Smart Living Tip: How to Make Friends as an Adult

Monday, May 16, 2016

When you are in a new country, new city or just a new surrounding in general, it's important to have a few people to connect with, who can help you ease into the unfamiliar territory.

How do you meet people and make new friends?

As we get older and start working, this seems harder and harder to achieve. W was worried that she didn't have any close friends in her new city, forcing her to always hang out with her flatmate - with whom she got along with, but W was craving diversity. As I start my last week at my current workplace and facing a new chapter in my life soon, I started to think over how I had made friends in the past in the numerous places I had called home.

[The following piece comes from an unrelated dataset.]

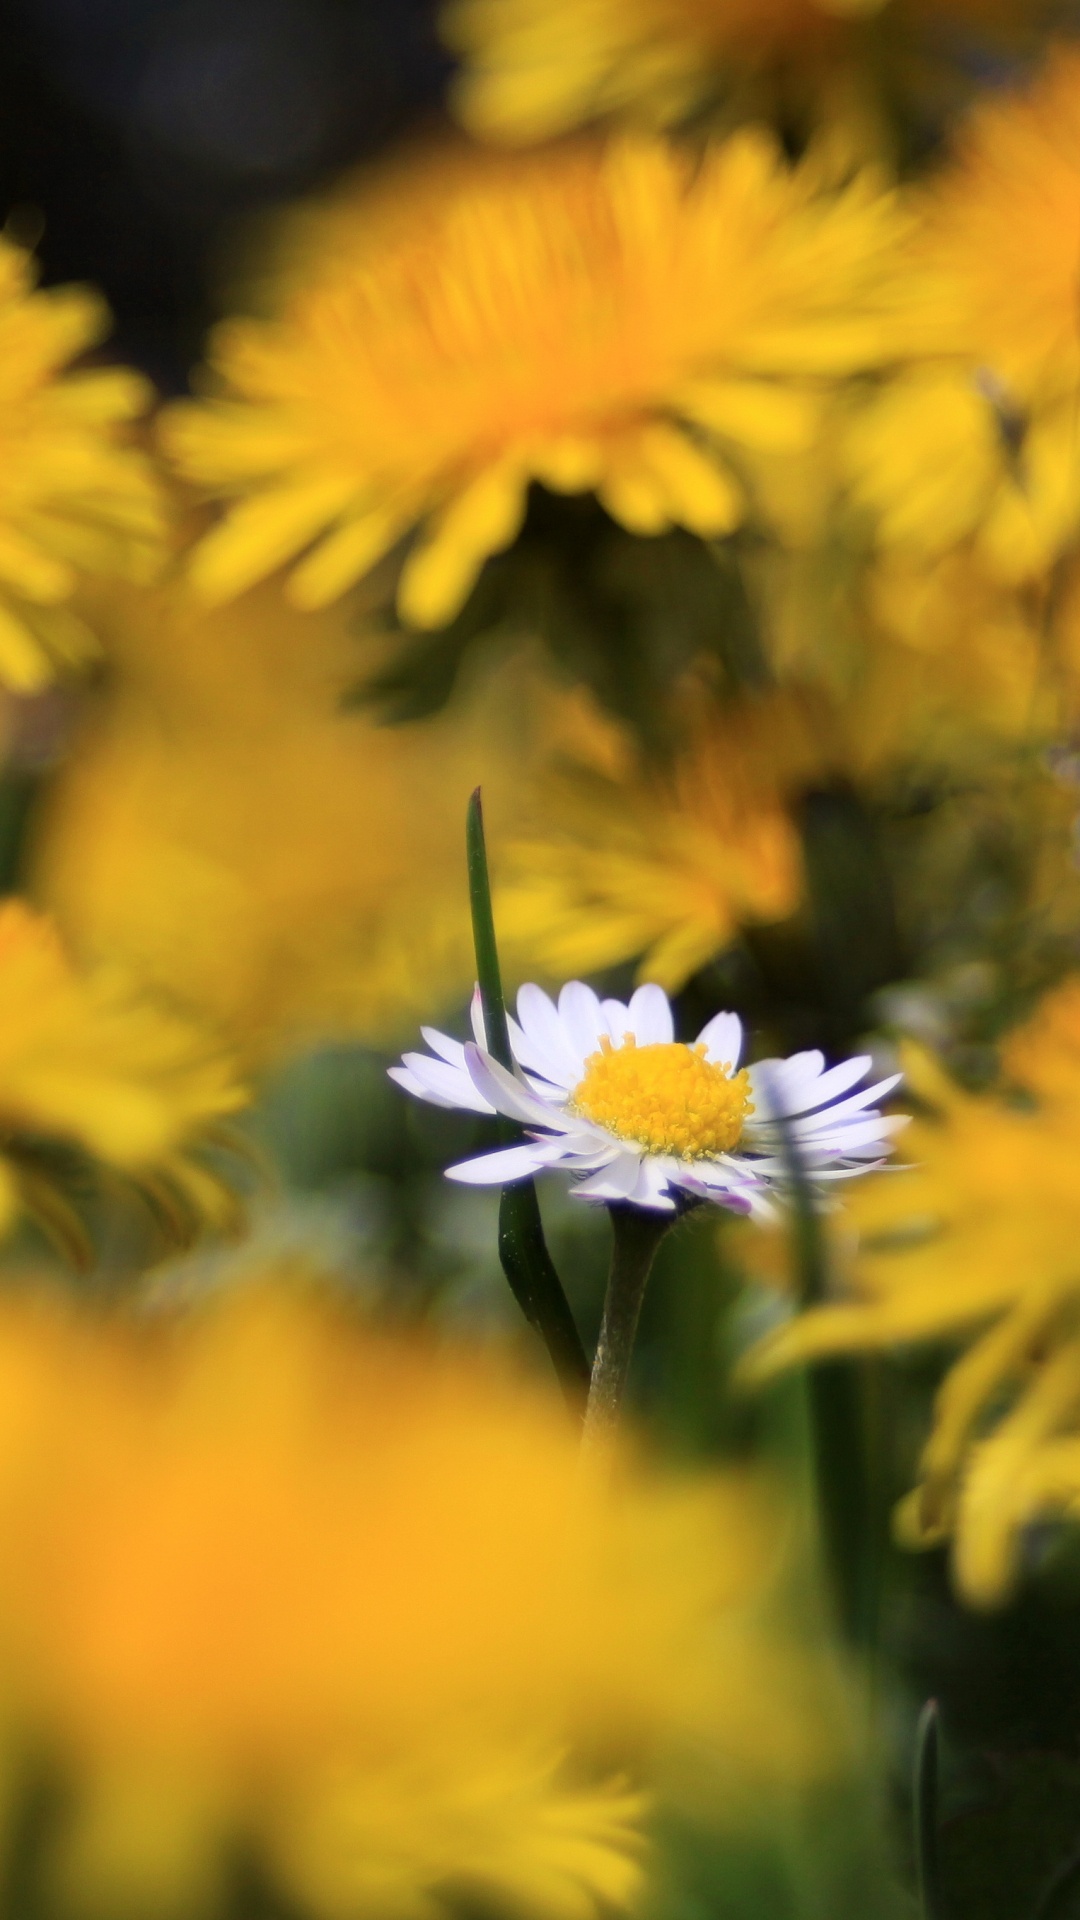 Yellow and White Flowers in Tilt Shift Lens. Wallpaper in 1080x1920 Resolution

Some ways you could make new friends as adults:

  • InterNations
In Bordeaux, I was part of an expat community called InterNations. While it was a small community, it was an active one. We would explore the Bordeaux food scene, trying out different restaurants every month for dinners. Most of the time, half the members would be regulars, and the other half new faces. There was also a monthly after work drinks at a pub somewhere, where more people turned up. These monthly dinners and drinks were great for meeting new people from all over the world, as well as new French people. 

  • Meetup groups

I don't go to these very often, but my sister used to be part of several tramping Meetup groups, and she loved it. Each weekend, they would go walking in one of the many tracks around Auckland. They were big groups, too, around 70-90, so very popular. She had invited me along, but I'm nowhere as fit as she is! Perhaps when she gets back into it, I'll start tagging along more.

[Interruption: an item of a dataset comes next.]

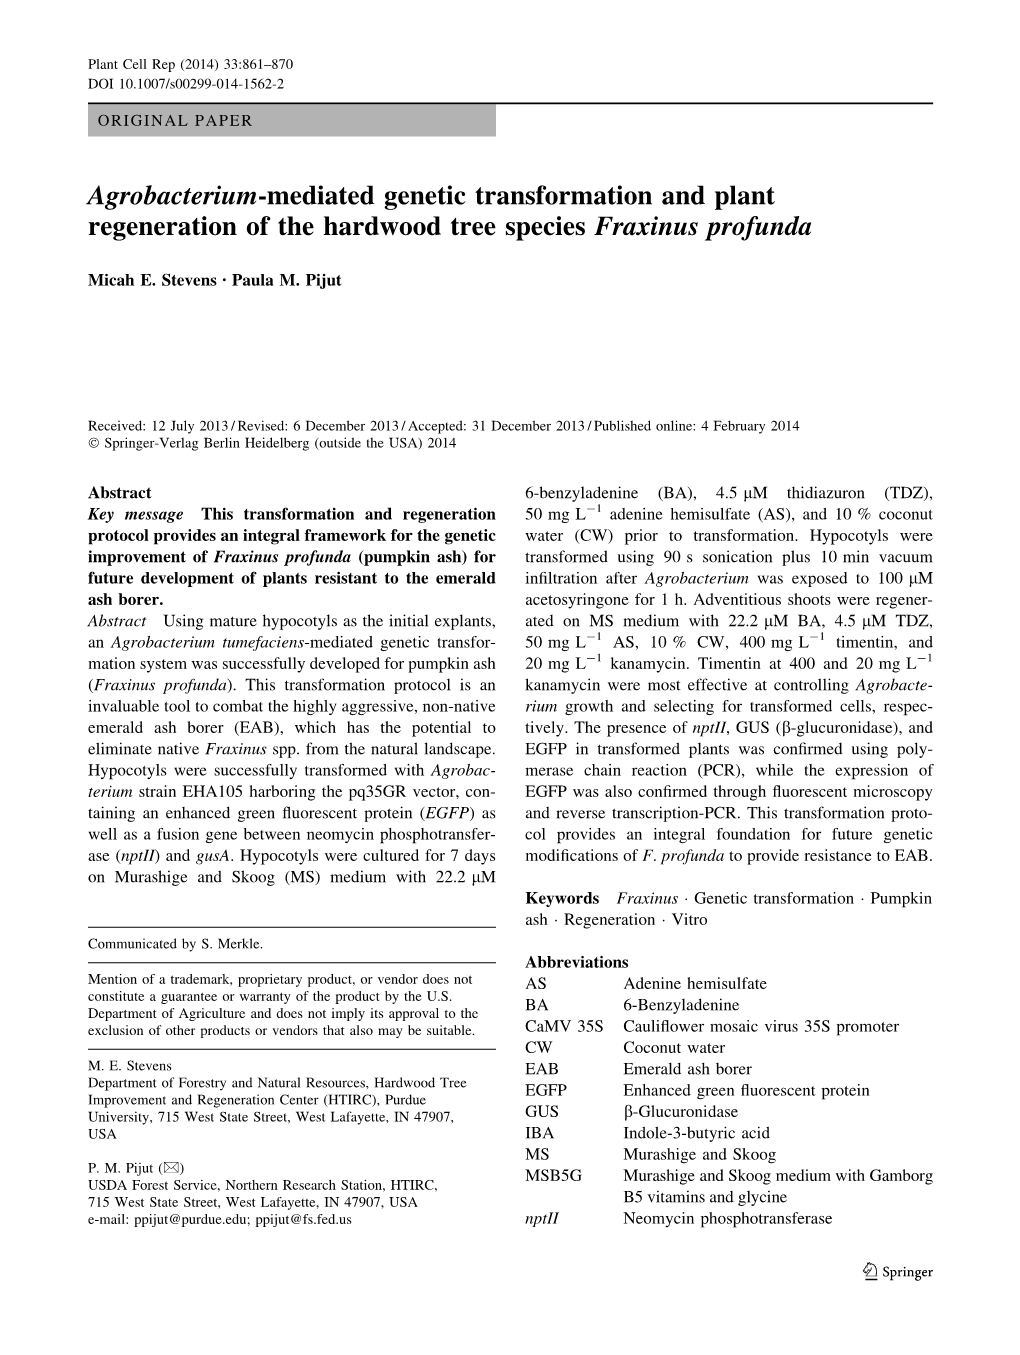 Agrobacterium-Mediated Genetic Transformation and Plant Regeneration of the Hardwood Tree Species Fraxinus Profunda

  • Franglish/Language tandem

If you want to meet lots of people and learn a language at the same time, groups like Franglish are great. Franglish is speed dating for Francophone/Anglophones. You get assigned a table with a stranger. The rules are: French only for seven minutes then English only for seven minutes. At the end of the 14 minutes, you face another person, and repeat the process.

  • Volunteering

One of my goals for this year was to volunteer more. Volunteering is something I used to do in high school but not much since. I feel that it's started off great, but has dwindled into a corner fast. So far I've done volunteering at a music festival and a pop up theatre. Both were great experiences and you do meet many people you would not normally mingle with.

  • Sports

Join a sports team! It's good for your body as well as your soul. Indoor soccer and netball are popular options, and you can also team up with your colleagues. Some companies offer yoga classes - I'm hoping my new work will have something similar!

  • Your mates' mates

There are also evening classes or other afterwork drinks/networking events that you could attend. If all else fails, though, try asking your friends to introduce their mates to you. Chances are, you like your friends, so you'll like their friends, too.